Le film met en scène Jake (Colin Farrell) et Kyra (Jodie Turner-Smith), couple qui a adopté la petite Mika (Malea Emma Tjandrawidjaja) et qui, peu après, a acheté à cette dernière Yang (Justin H. Min), un « techno sapiens » voué à lui servir de frère aîné. Très liée à Yang, Mika est inconsolable lorsqu’il cesse soudainement de fonctionner. Or, au fil de ses démarches pour réparer Yang, Jake découvre que Mika n’était pas la seule à être devenue en quelque sorte dépendante de ce quatrième membre de la famille : chacun de son côté, Kyra et lui l’étaient tout autant. On pourra voir là une métaphore de la dépendance technologique comme rempart à la solitude.
Qui plus est, et c’est l’aspect le plus poignant du film, il s’avère que Yang avait dans sa cartouche mémorielle ce qu’il convient d’appeler un jardin secret, spécificité tout humaine s’il en est.

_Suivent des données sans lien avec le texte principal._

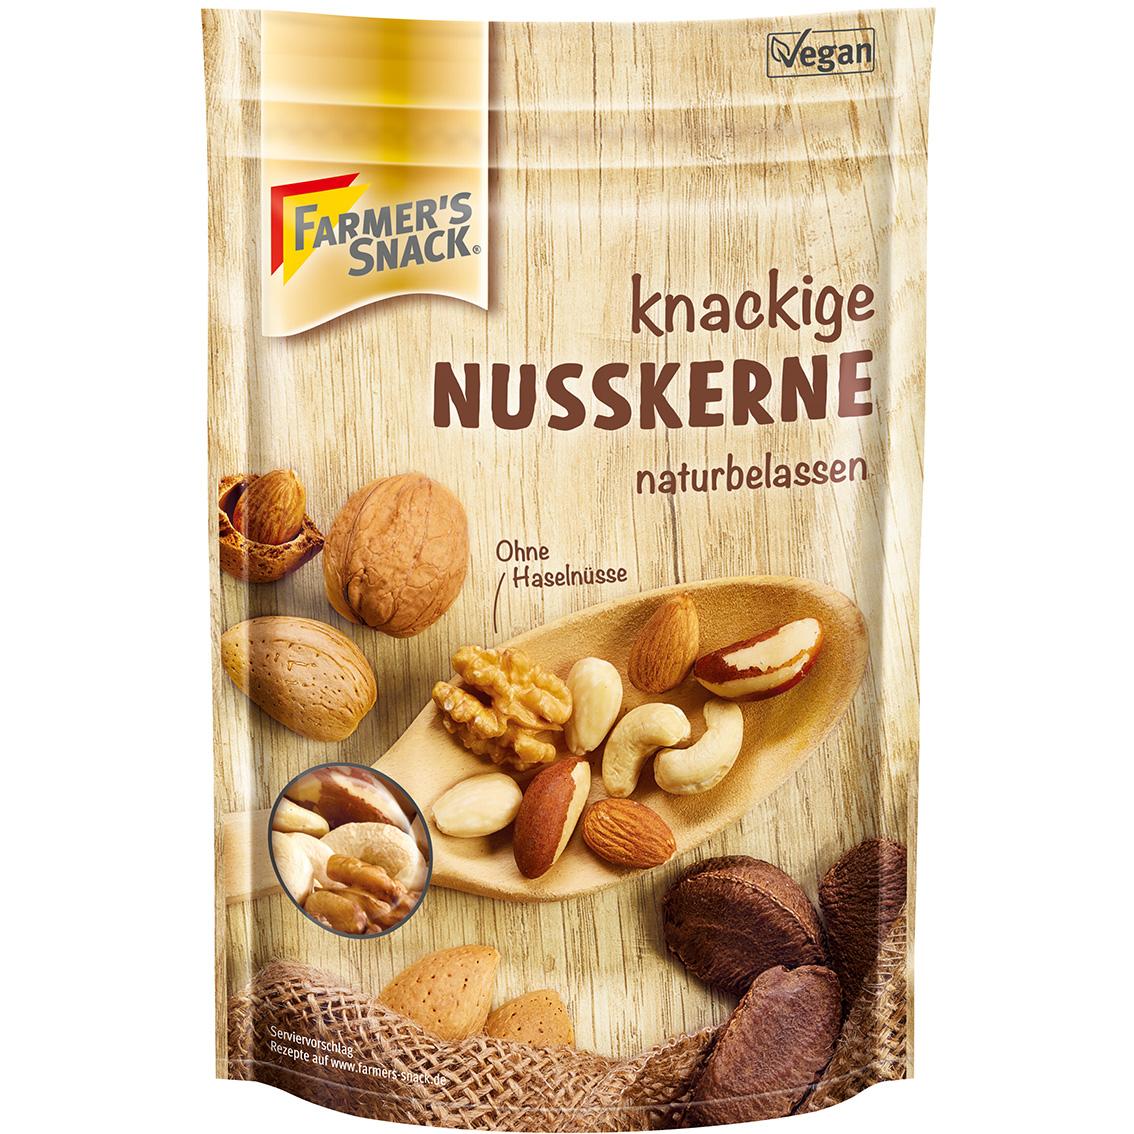 Farmer\'s Snack Knackige Nusskerne naturbelassen | Online kaufen im ...

En parallèle à la quête de Jake, After Yang brosse un portrait familial éminemment sensible et touchant. À noter que dans ce futur proche, la pluriculturalité est la norme : un détail que le cinéaste montre en toute simplicité plutôt que de chercher à l’expliquer. Il en va de même pour la présence des clones (les fillettes du voisin) et des techno sapiens comme Yang : l’action et de brèves allusions, par opposition à ces lourdes mises au point narratives dont abusent trop de films de science-fiction, établissent d’emblée que telle est la nouvelle normalité. Le film est pour le compte riche de silences parlants. C’est de la science-fiction résolument contemplative.
À cet égard, Kogonada opte pour une approche poétique par l’entremise d’un montage fluide et volontiers impressionniste. Le cinéaste soigne ses compositions, convoquant autant Yasujirō Ozu que Wong Kar-Wai, sans y perdre son identité. Des images restent, comme ce plan où Mika observe les poissons dans un aquarium, avec reflet renversé de son visage, ou encore ce soleil couchant lointain vu à travers un entrelacs de branches…

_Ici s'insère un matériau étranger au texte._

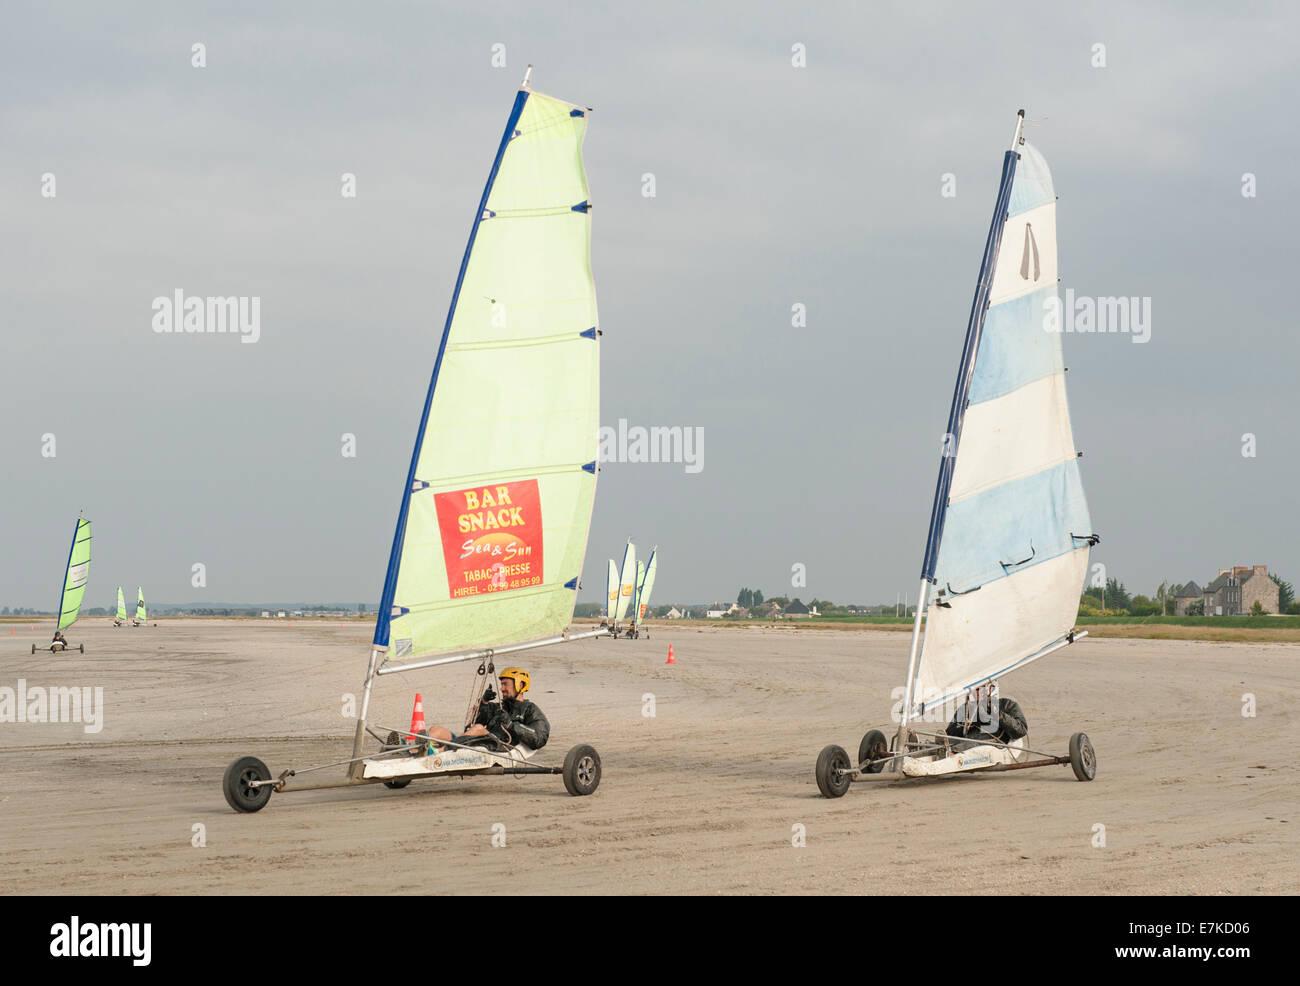 Char à voile, sand sailing, at Vivier-sur-Mer, Brittany, France - Stock Image

Il se dégage de la facture à dominance de pastels une douceur, une sérénité, impression renforcée par un jeu uniformément intériorisé, une lumière douce, et des notes de piano apaisantes. C’est ce qui distingue le plus After Yang des brillants mais plus mouvementés Blade Runner et A.I. Artificial Intelligence (A.I. Intelligence artificielle), qui réfléchissaient déjà sur le statut du robot, de l’humain artificiel ou des deux dès lors que la ligne entre le synthétique et l’organique se brouille.

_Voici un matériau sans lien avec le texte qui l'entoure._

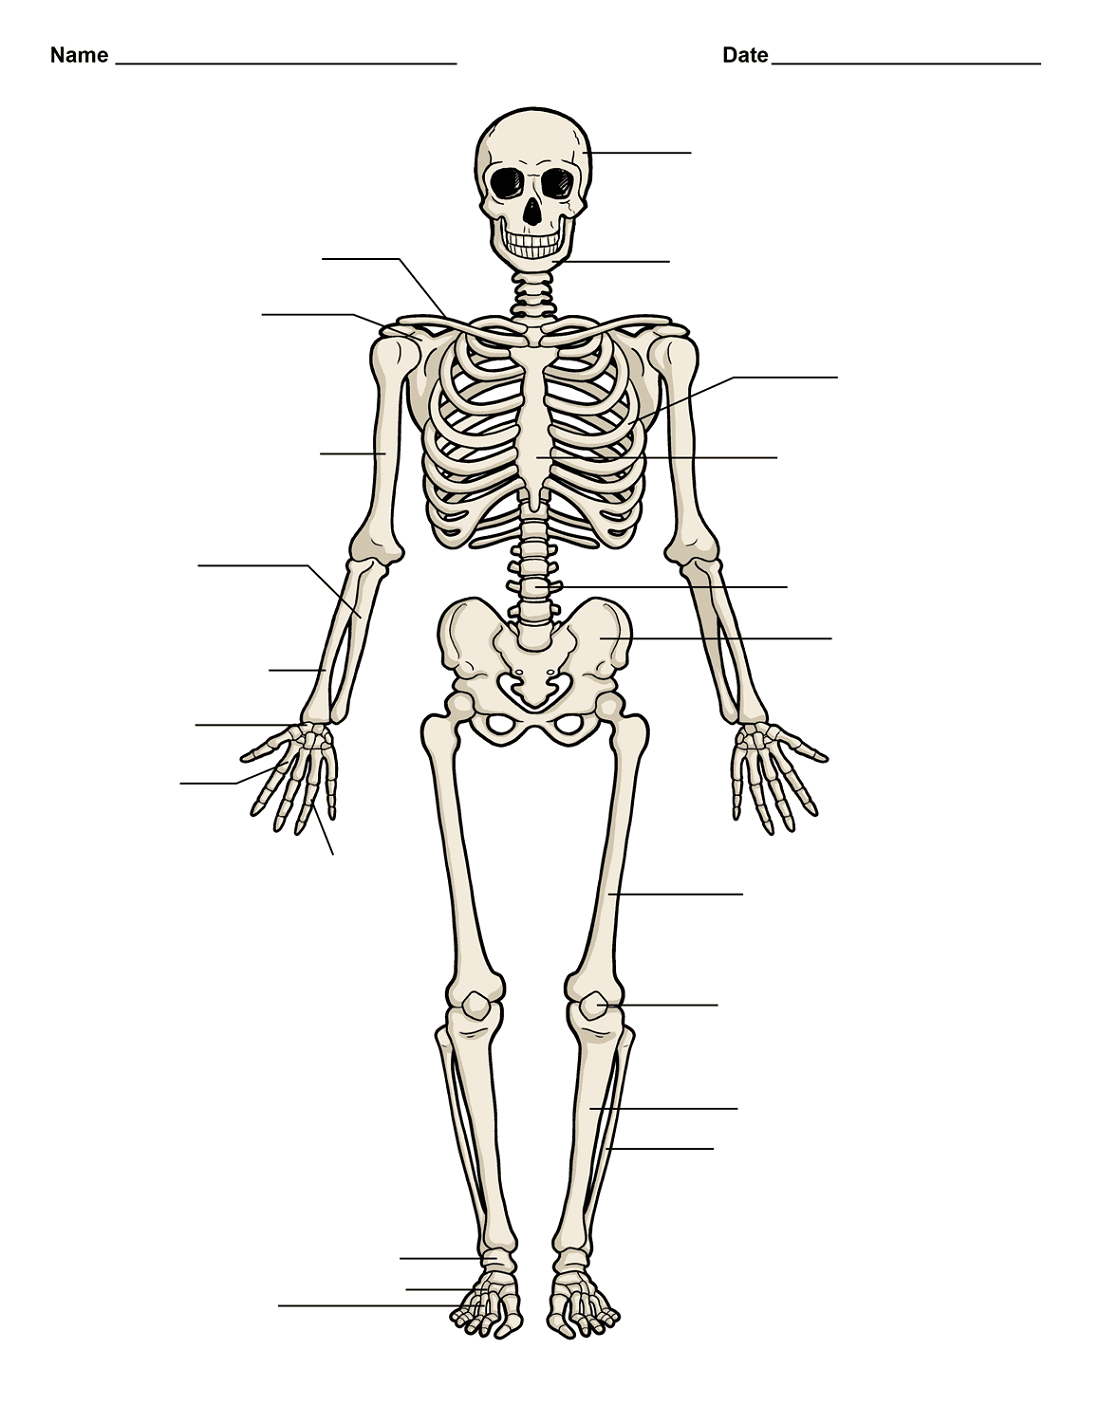 Body Organs Diagram Human Diagrams Body Skull And Organs Printable Diagram

En parcourant la mémoire de Yang, représentée par une ingénieuse — et magnifique — voie lactée cérébrale, Jake révise sa perception de cet « autre » qu’il appellera son fils lors d’une scène clé. Et si, à l’instar de Roy Batty dans le chef-d’œuvre de Ridley Scott, Yang était plus « humain » qu’un humain ? À chacun sa réponse, dans un film qui a autant d’intelligence que de cœur.